In my review of the memorable Brahms performances Sir Simon Rattle led with the Berlin Philharmonic Orchestra for the Celebrity Series of Boston last month, I should have mentioned that one decision responsible for the beauty and spaciousness of the orchestral sound was the placement of the first and second violin sections on opposite sides of the stage (just as James Levine does with the BSO). This is especially helpful in Brahms, whose dense orchestration can turn thick and heavy.

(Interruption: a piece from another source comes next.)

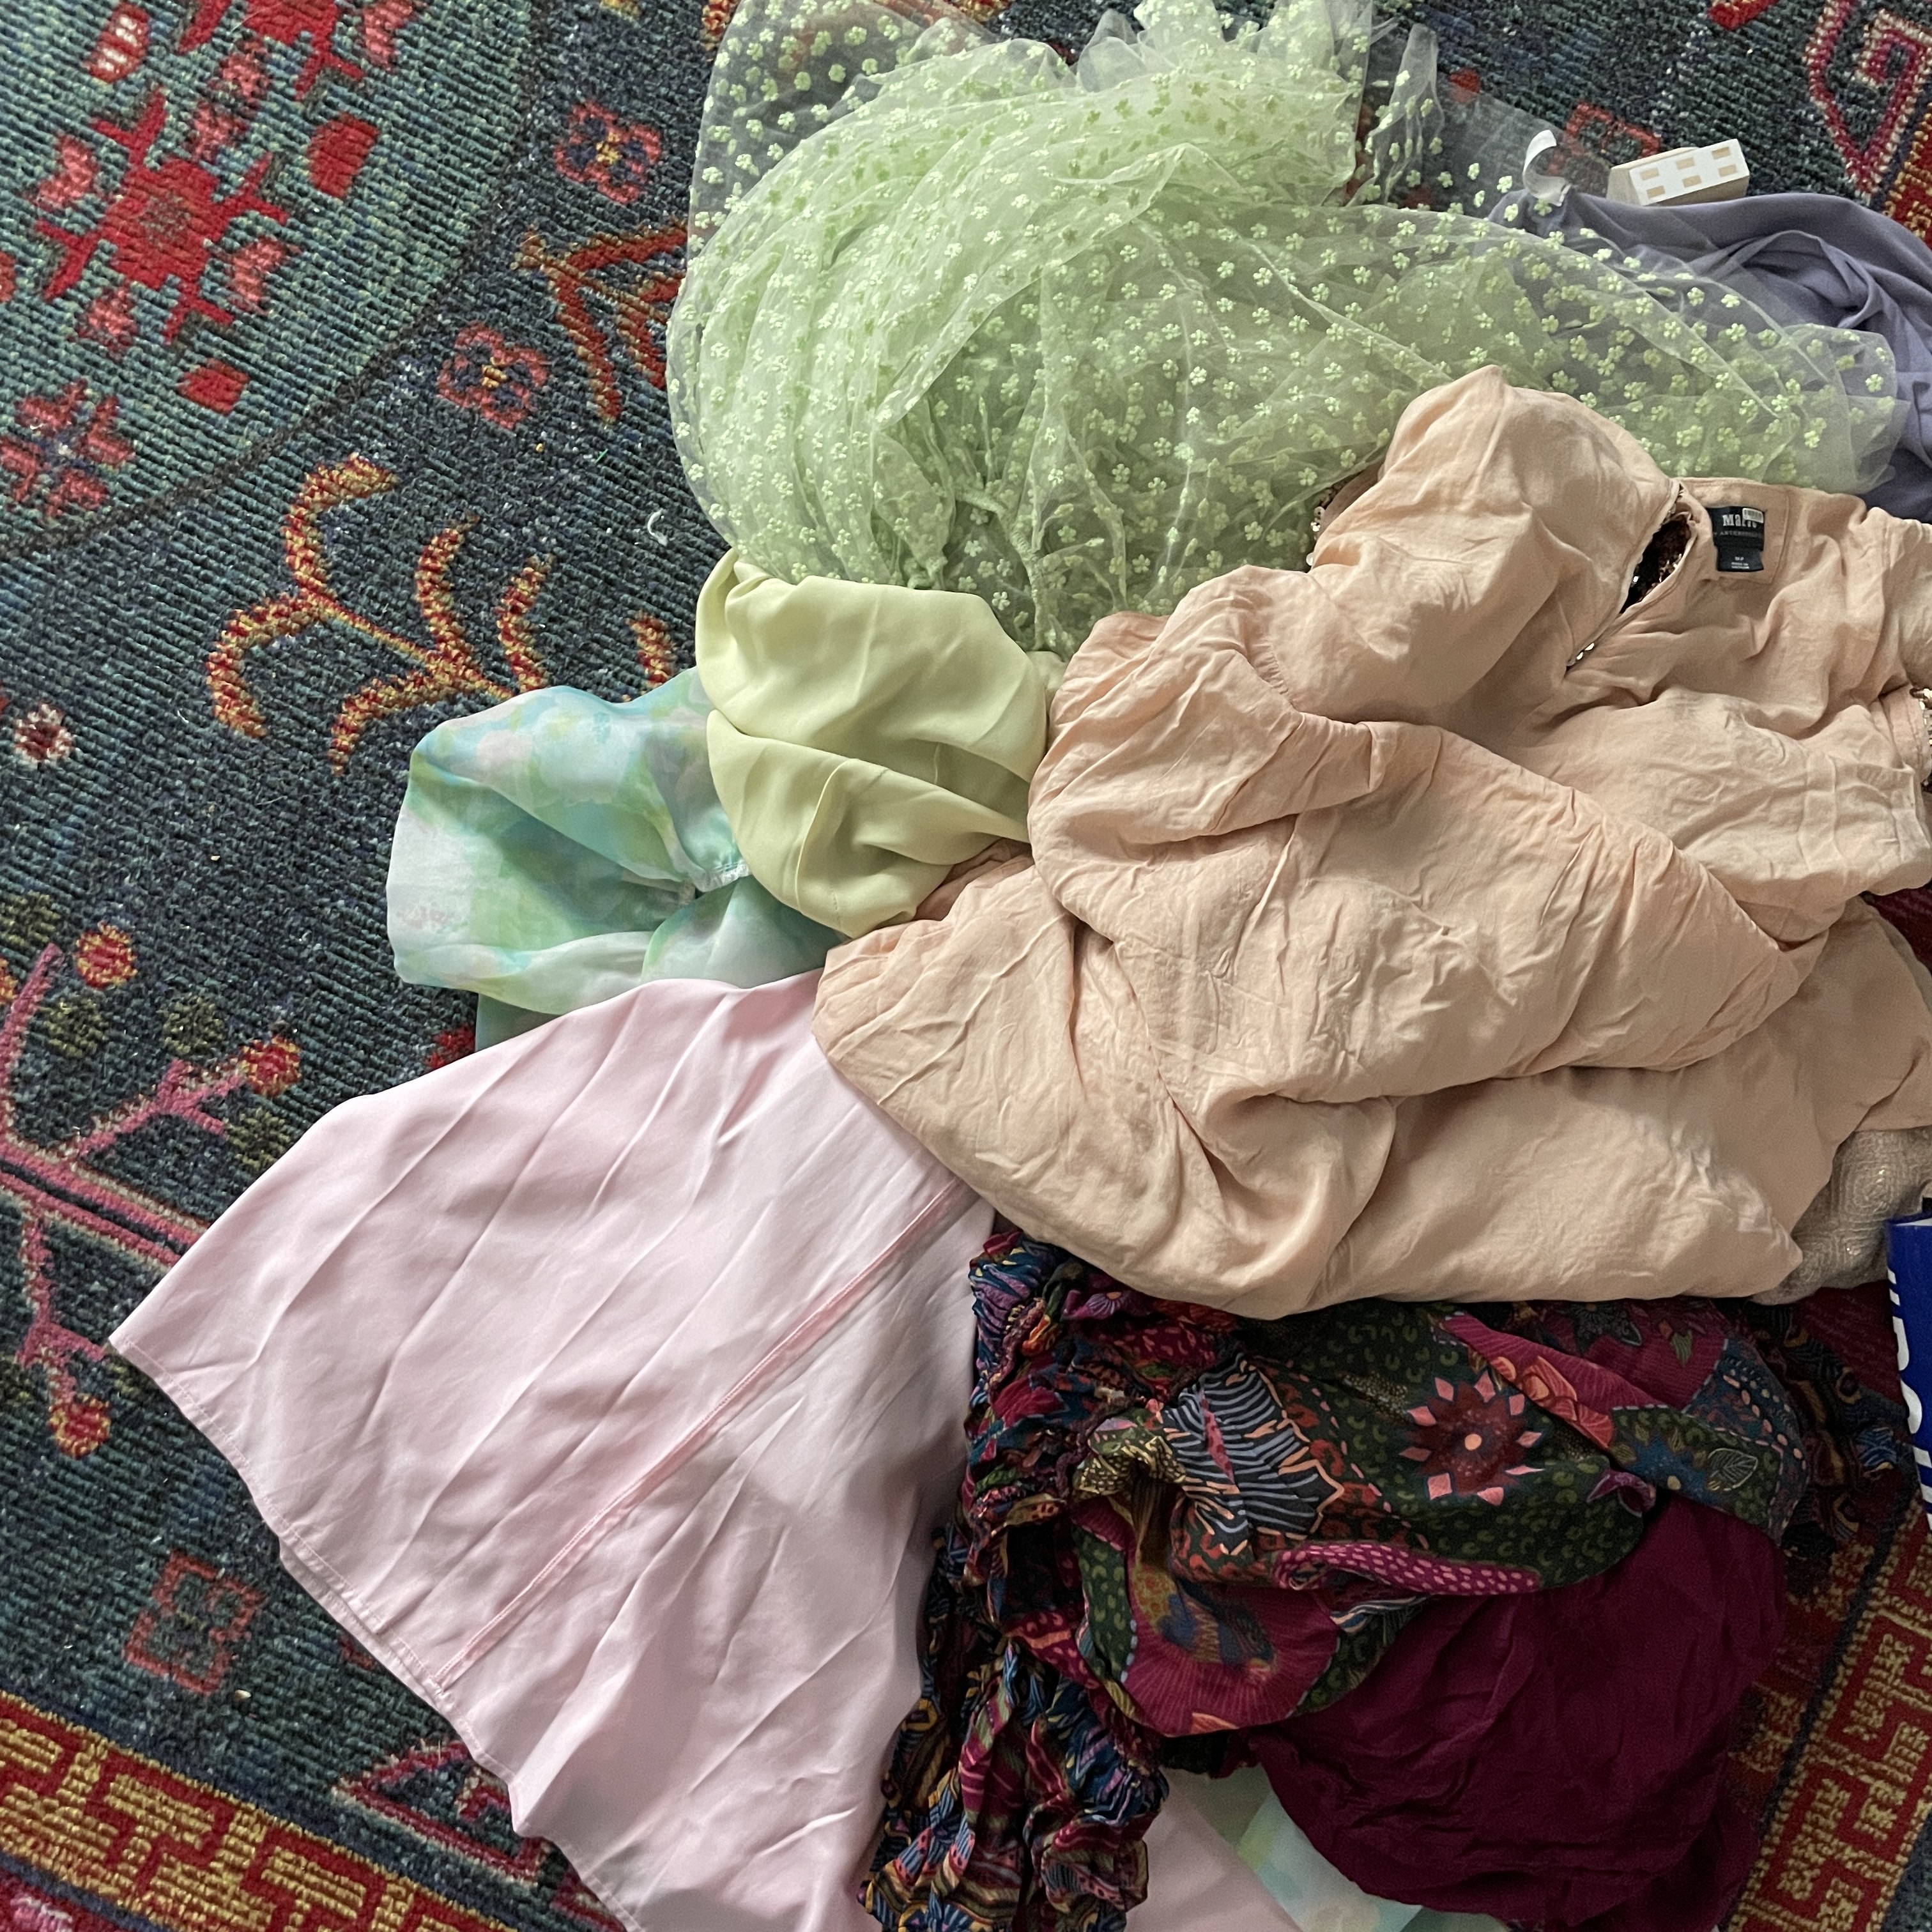 clothes in a pile on the floor

That's what happened when BSO conductor emeritus Bernard Haitink, celebrating his 80th-birthday year, led Brahms's First Symphony the week following the Berliners' visit. Rattle encouraged us to hear interior dialogue; Haitink chose to consolidate rather than separate the violin sections, giving us stentorian monotone and strenuous effort instead of the interior drama of Brahms in conflict with his inner demons in this most conflicted of his symphonies. The performance was intense but not lovable or moving — certainly not one that explored or expanded my sense of the music.

Haitink began with Debussy's Nocturnes, which was diaphanously played (Debussy has already done the work of aerating the sound), and followed it, in honor of the 70th birthday of Sir James Galway, with Ibert's Flute Concerto, a witty and seductive piece requiring effortless mastery. Galway's mastery is no longer effortless or complete, and I wouldn't call his playing either here or in his encore, Debussy's Syrinx for solo flute, particularly seductive. But in his brocade jacket and oversized white vest, he's still a crowd pleaser.

Even better BSO Debussy — and more Brahms — came the following week, with French conductor Yan Pascal Tortelier replacing Andrew Davis, who had to deal with an illness in his family. Tortelier, the son of the distinguished cellist Paul Tortelier, was last here in 2006, replacing Kurt Masur with the London Philharmonic Orchestra in a Celebrity Series event. I had some doubts about his peculiar technique: his arms are both floppy and calisthenic. He hasn't changed, but I now have fewer doubts. With the violins seated antiphonally once again, he led Debussy's usually languid Prélude à l'après-midi d'un faune at a brisk tempo that created a pulsating, seductive urgency, the dynamic shadings of Elizabeth Rowe's sensual flute solo soon echoing in the entire orchestra. Each player seemed to embody some element of the pastoral setting — rustling trees, falling petals, flickering fireflies (you could hear them flicker), all of it with some throbbing sexual undercurrent. I could swear Richard Sheena's English horn was laughing. And Stravinsky's overplayed Firebird (in the less familiar 1945 suite, a replacement for the even less frequently heard Symphony in Three Movements) came to fresh life with a similar urgency, full of shimmering color and startling dramatic contrasts.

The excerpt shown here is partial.